Vertex AI Batch Inference Setup
Set up Google Cloud Vertex AI for batch inference with the ANTS Platform AI Optimizer.
Vertex AI Batch Inference allows the AI Optimizer to evaluate model comparisons in bulk using Google Cloud's batch prediction API at reduced cost.
Prerequisites
- A Google Cloud project with Vertex AI API enabled
- A service account with appropriate permissions
- Access to the Gemini or other models you want to use for comparison
Setup
Step 1: Enable Vertex AI API
Enable the Vertex AI API in your Google Cloud project:
gcloud services enable aiplatform.googleapis.comStep 2: Create a Service Account
Create a service account for batch inference:
gcloud iam service-accounts create ants-batch-inference \
--display-name="ANTS Platform Batch Inference"Step 3: Grant Required Permissions
The service account needs the following roles:
# Vertex AI access
gcloud projects add-iam-policy-binding PROJECT_ID \
--member="serviceAccount:ants-batch-inference@PROJECT_ID.iam.gserviceaccount.com" \
--role="roles/aiplatform.user"
# Cloud Storage access (for batch input/output)

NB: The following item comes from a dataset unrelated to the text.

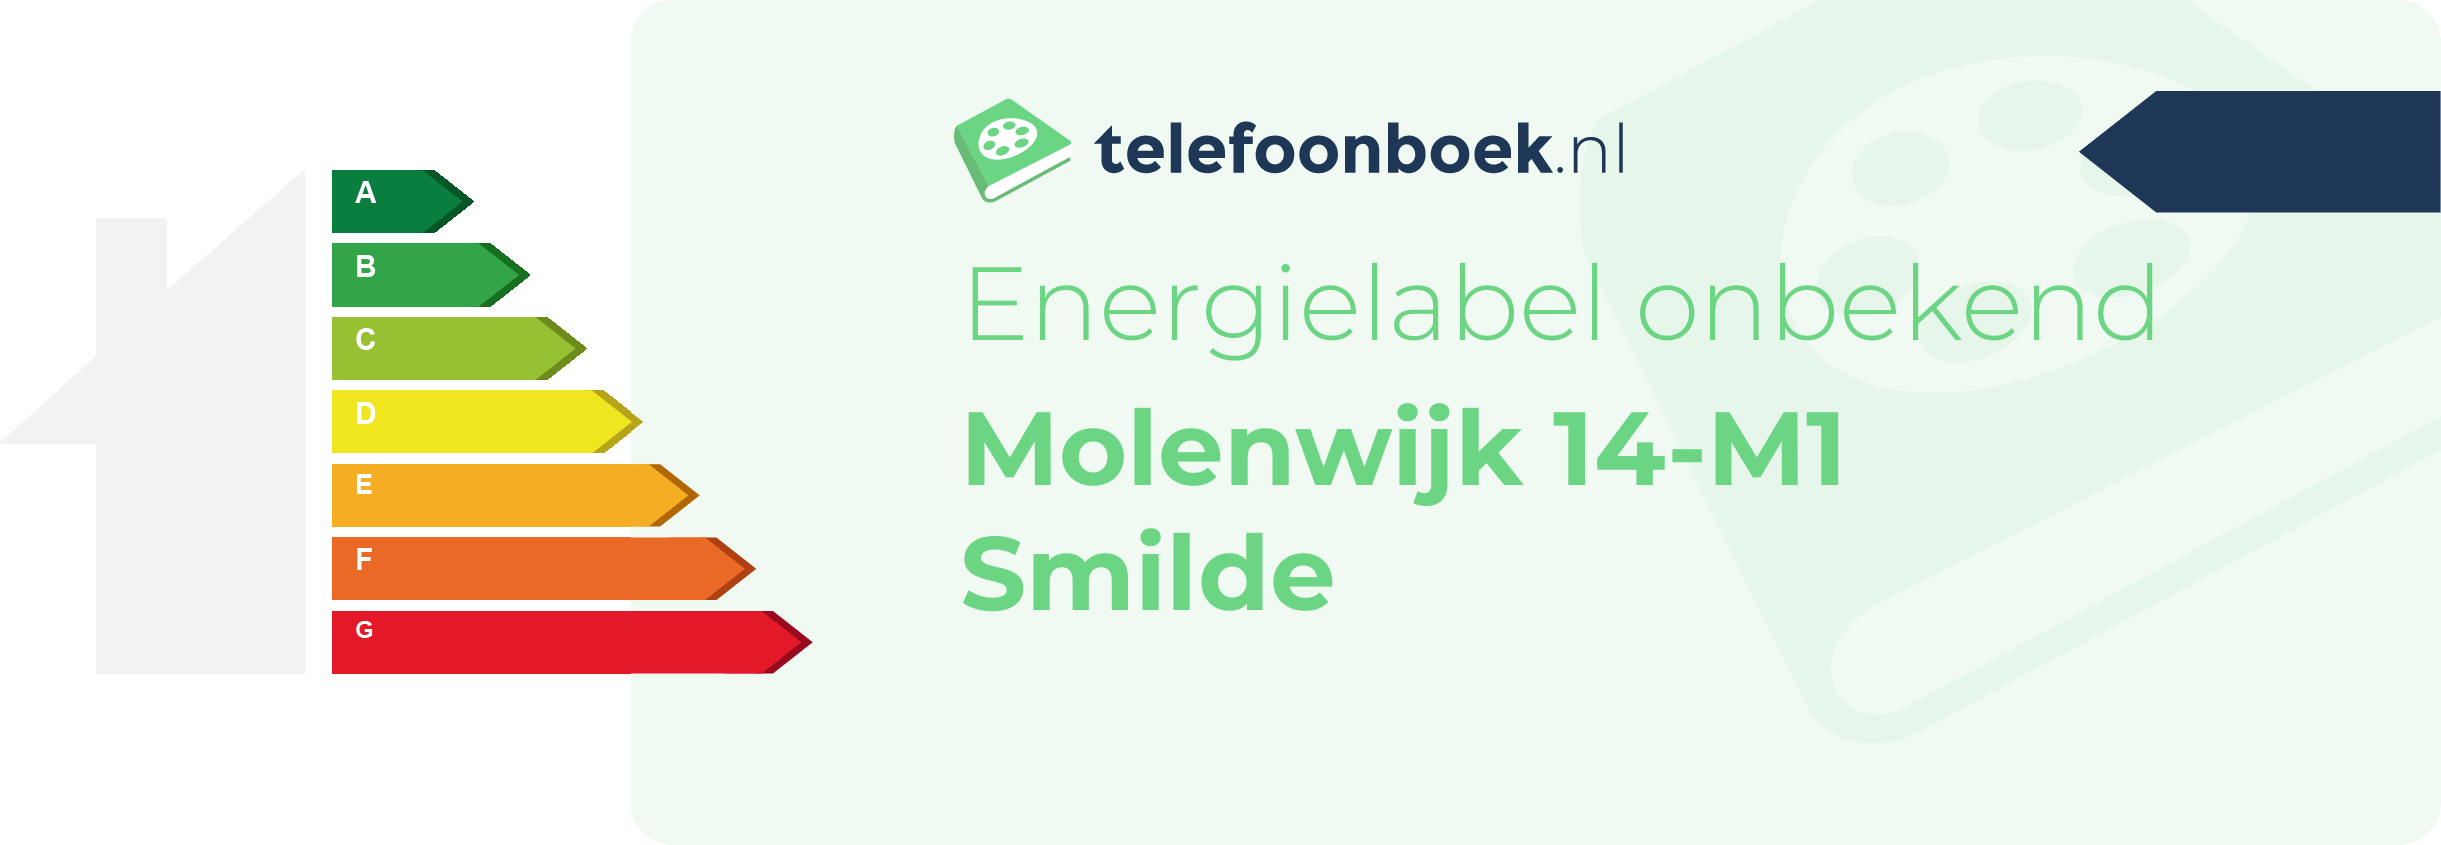 Energielabel Molenwijk 14-M1 Smilde

gcloud projects add-iam-policy-binding PROJECT_ID \
--member="serviceAccount:ants-batch-inference@PROJECT_ID.iam.gserviceaccount.com" \
--role="roles/storage.objectAdmin"Step 4: Create a Service Account Key
Generate a JSON key for the service account:
gcloud iam service-accounts keys create key.json \
--iam-account=ants-batch-inference@PROJECT_ID.iam.gserviceaccount.comStore this key securely. It provides access to your Google Cloud resources.

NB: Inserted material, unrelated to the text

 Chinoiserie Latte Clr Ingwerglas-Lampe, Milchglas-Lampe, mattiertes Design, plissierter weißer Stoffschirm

Step 5: Configure in ANTS Platform
- Go to Project Settings > LLM API Keys
- Add a new key with Google Vertex AI adapter
- Enter your credentials:
- Google Cloud Project ID
- Service Account JSON Key (paste the contents of
key.json) - Location (e.g.,
us-central1,europe-west4)
- Check "I intend to use Batch Inference for LLM optimizer"
Supported Locations
Vertex AI batch inference is available in all regions that support Gemini models. Common regions include:
| Region | Location |
|---|---|
| US Central | us-central1 |
| US East | us-east4 |
| US West | us-west1 |
| Europe West | europe-west1, europe-west4 |
| Asia Northeast | asia-northeast1 |
| Asia Southeast | asia-southeast1 |
If no location is specified, the default us-central1 is used. See the Vertex AI available locations (opens in a new tab) for the full list.
Troubleshooting
"Permission denied" errors
Verify your service account has the roles/aiplatform.user and roles/storage.objectAdmin roles.
"API not enabled" errors
Ensure the Vertex AI API is enabled:
gcloud services list --enabled | grep aiplatformBatch job failures
Check the Vertex AI console for detailed error logs. Common issues include:
- Insufficient quota for the selected model
- Invalid model ID or region mismatch
- Service account key expired or revoked
See Batch Inference Limits for provider-specific size requirements.